→ Exercise directions:
Output the lines of the records from the one containing "요리를 즐길 수 있습니다" through the last, both ends included. Leave pictures out.

*** Opening of Task inputs ***

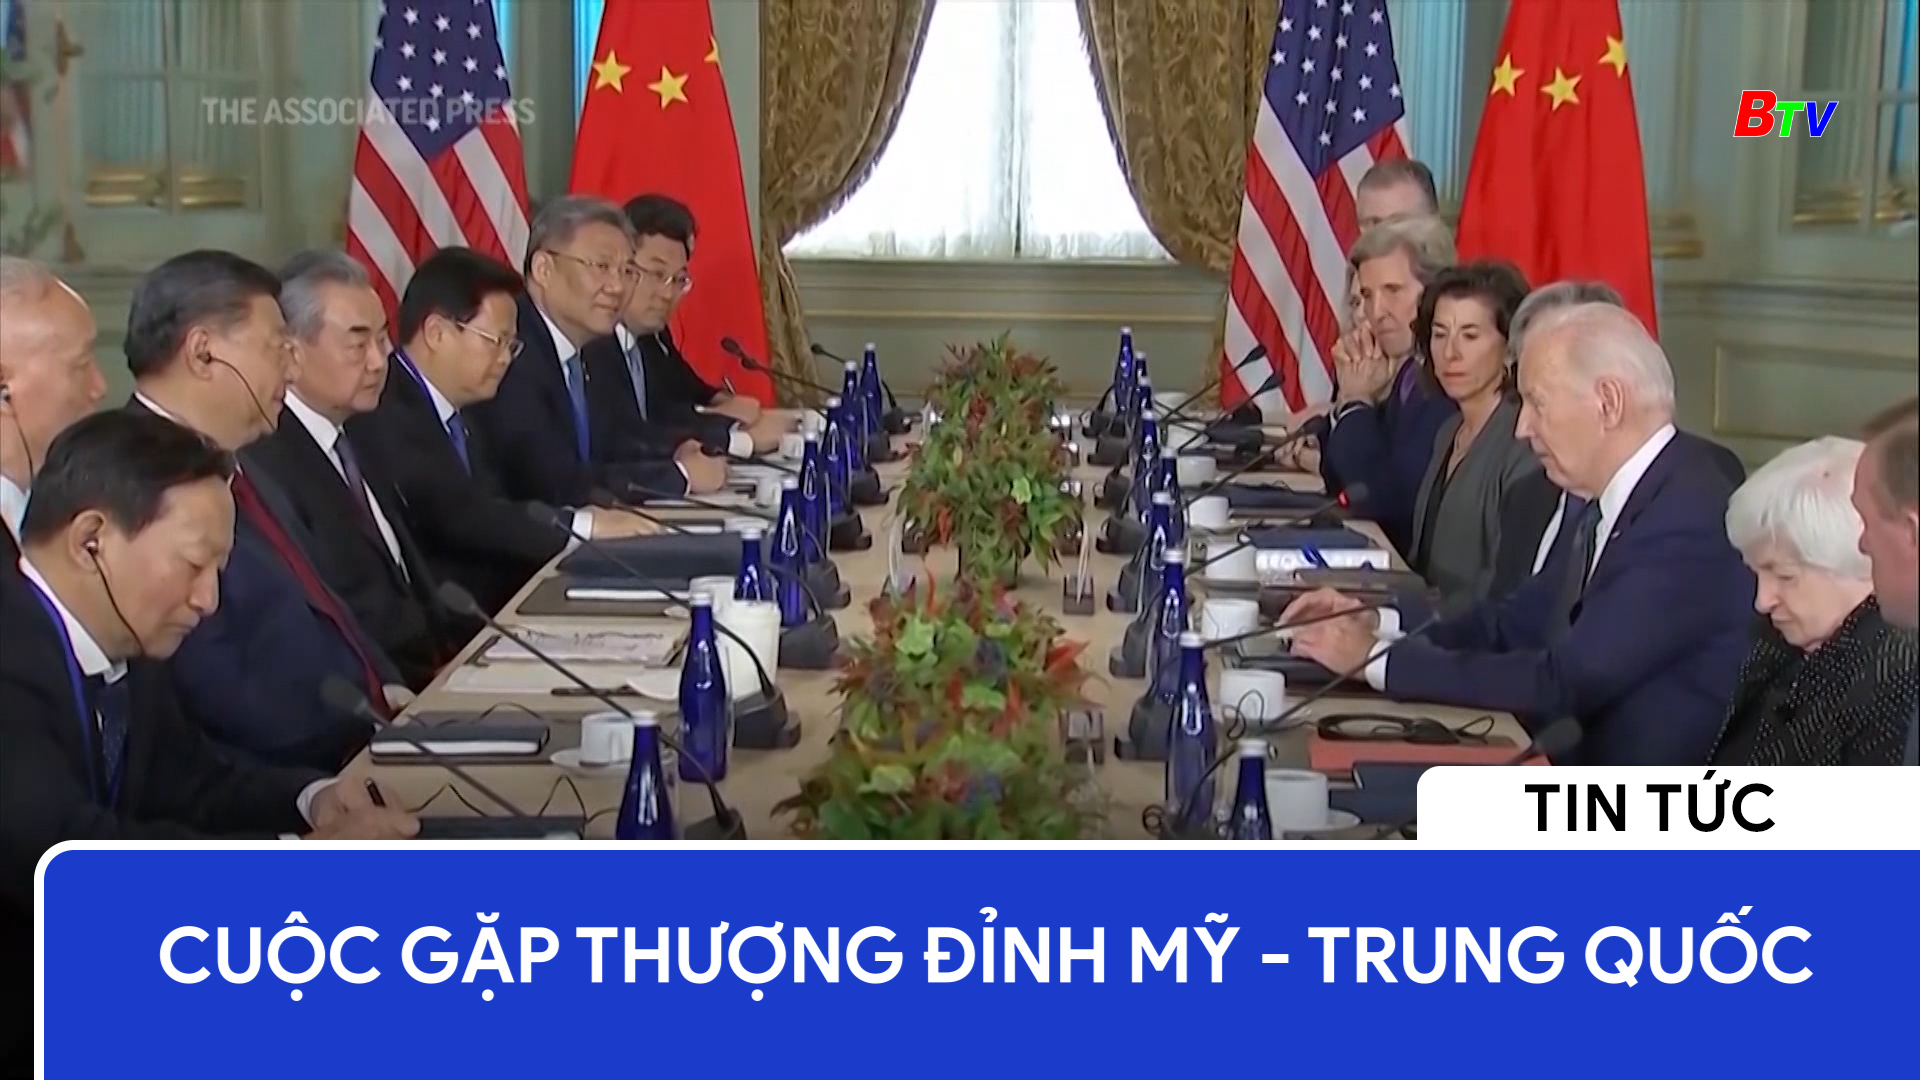 Cuộc gặp thượng đỉnh Mỹ - Trung Quốc	
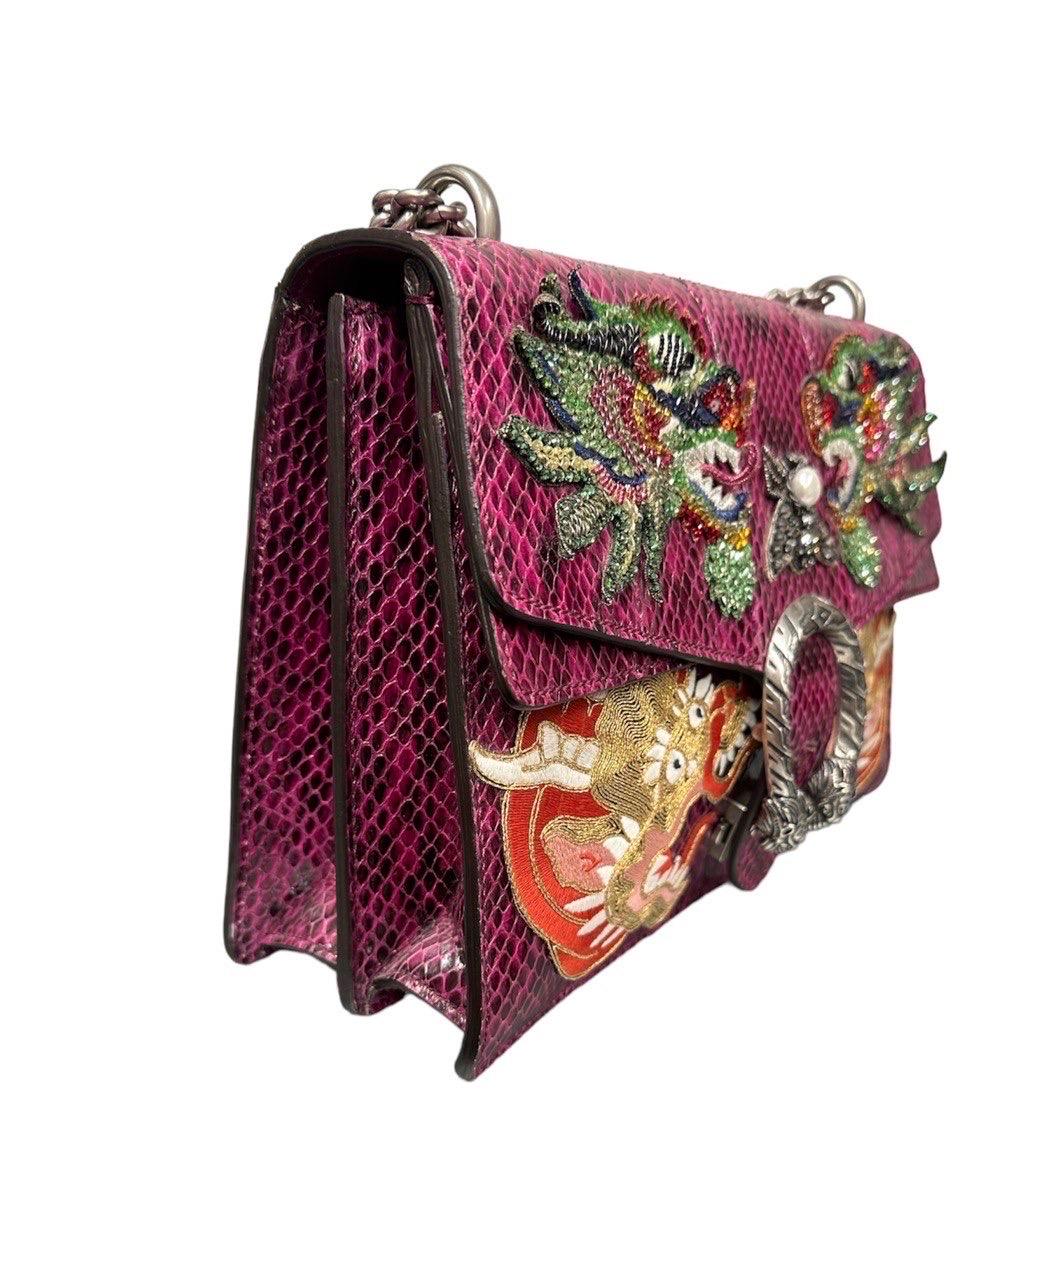 Women's Gucci Dionysus Top Shoulder Bag Violet Leather Tiger Swarovski
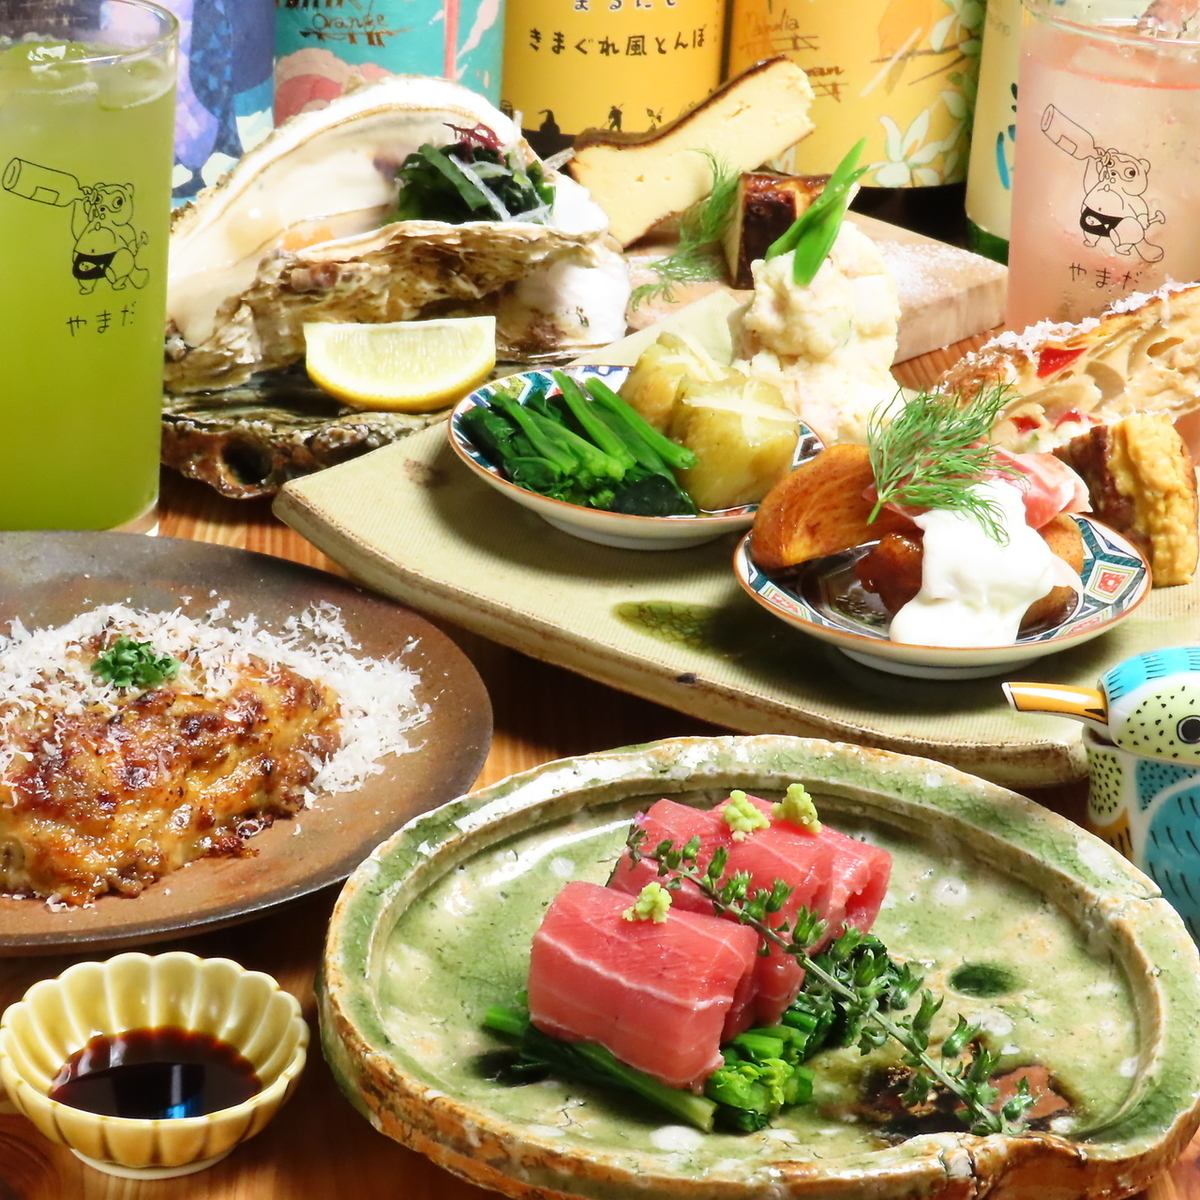 【세이부 이케부쿠로선·에코다역에서 도보 2분!】 본격적인 일본과 서양 창작 요리를 즐길 수 있습니다
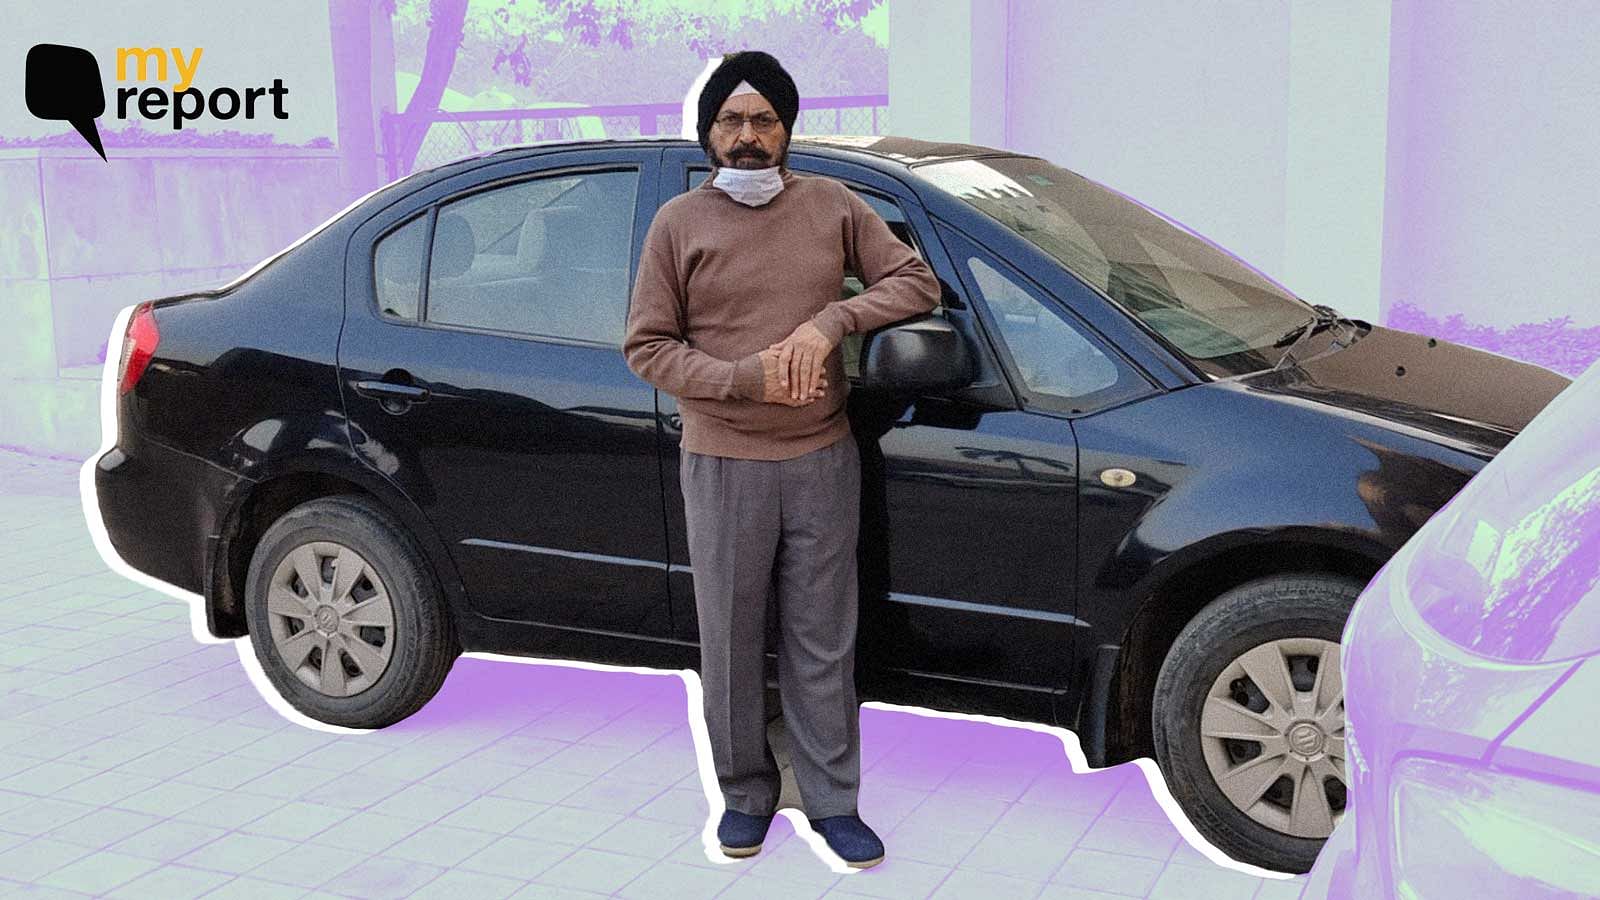 <div class="paragraphs"><p>Tejinder Singh Bedi with his old car.</p></div>
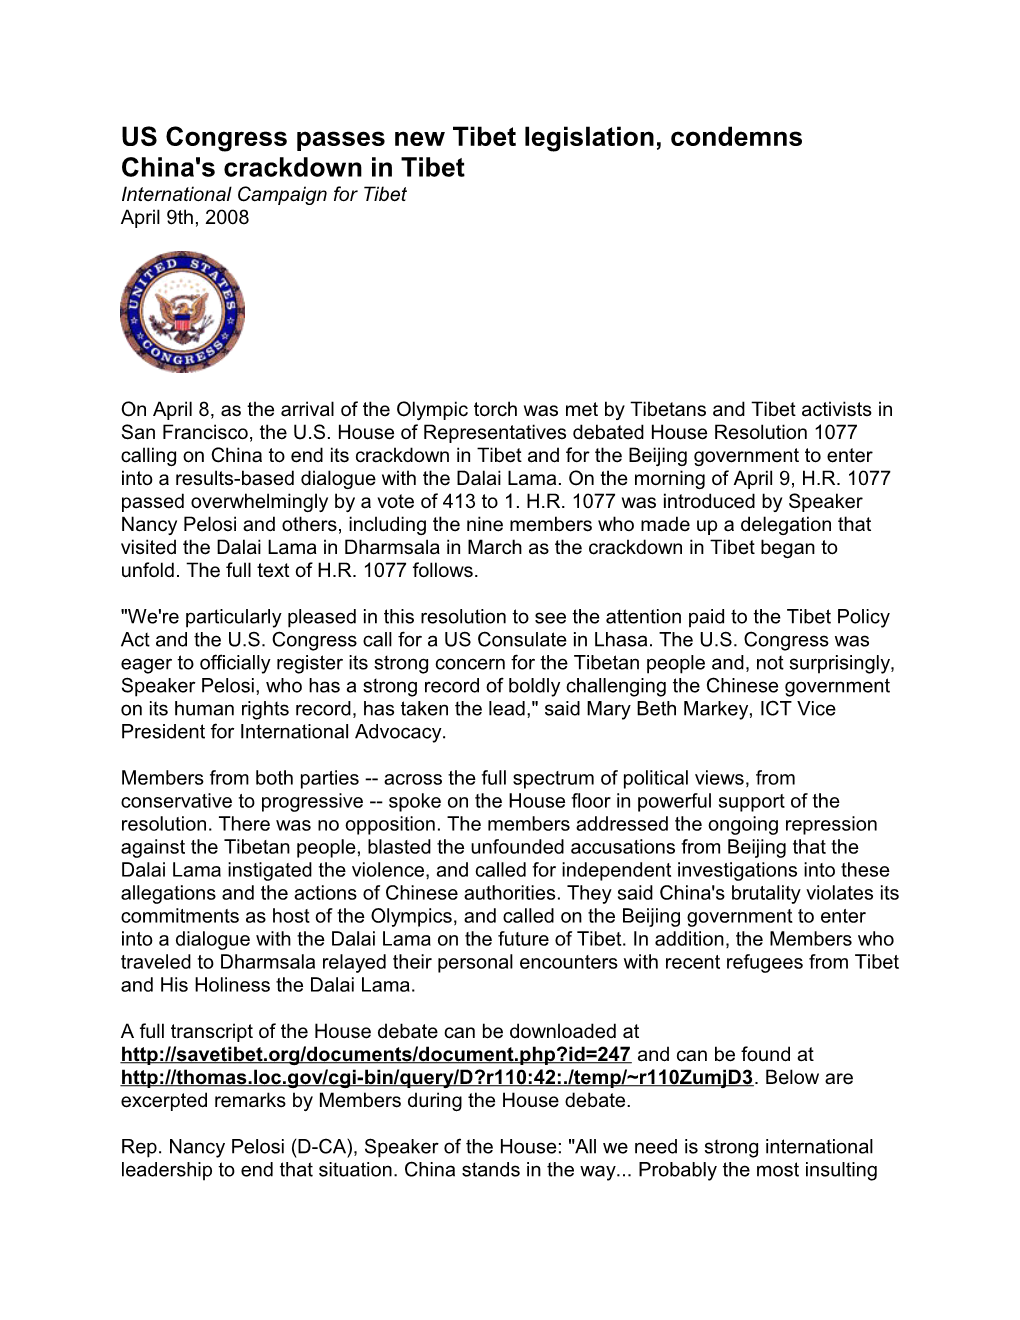 US Congress Passes New Tibet Legislation, Condemns China's Crackdown in Tibet

*** Close of Task inputs ***

→ Written reply:
 【세이부 이케부쿠로선·에코다역에서 도보 2분!】 본격적인 일본과 서양 창작 요리를 즐길 수 있습니다
 <div class="paragraphs"><p>Tejinder Singh Bedi with his old car.</p></div>
 US Congress Passes New Tibet Legislation, Condemns China's Crackdown in Tibet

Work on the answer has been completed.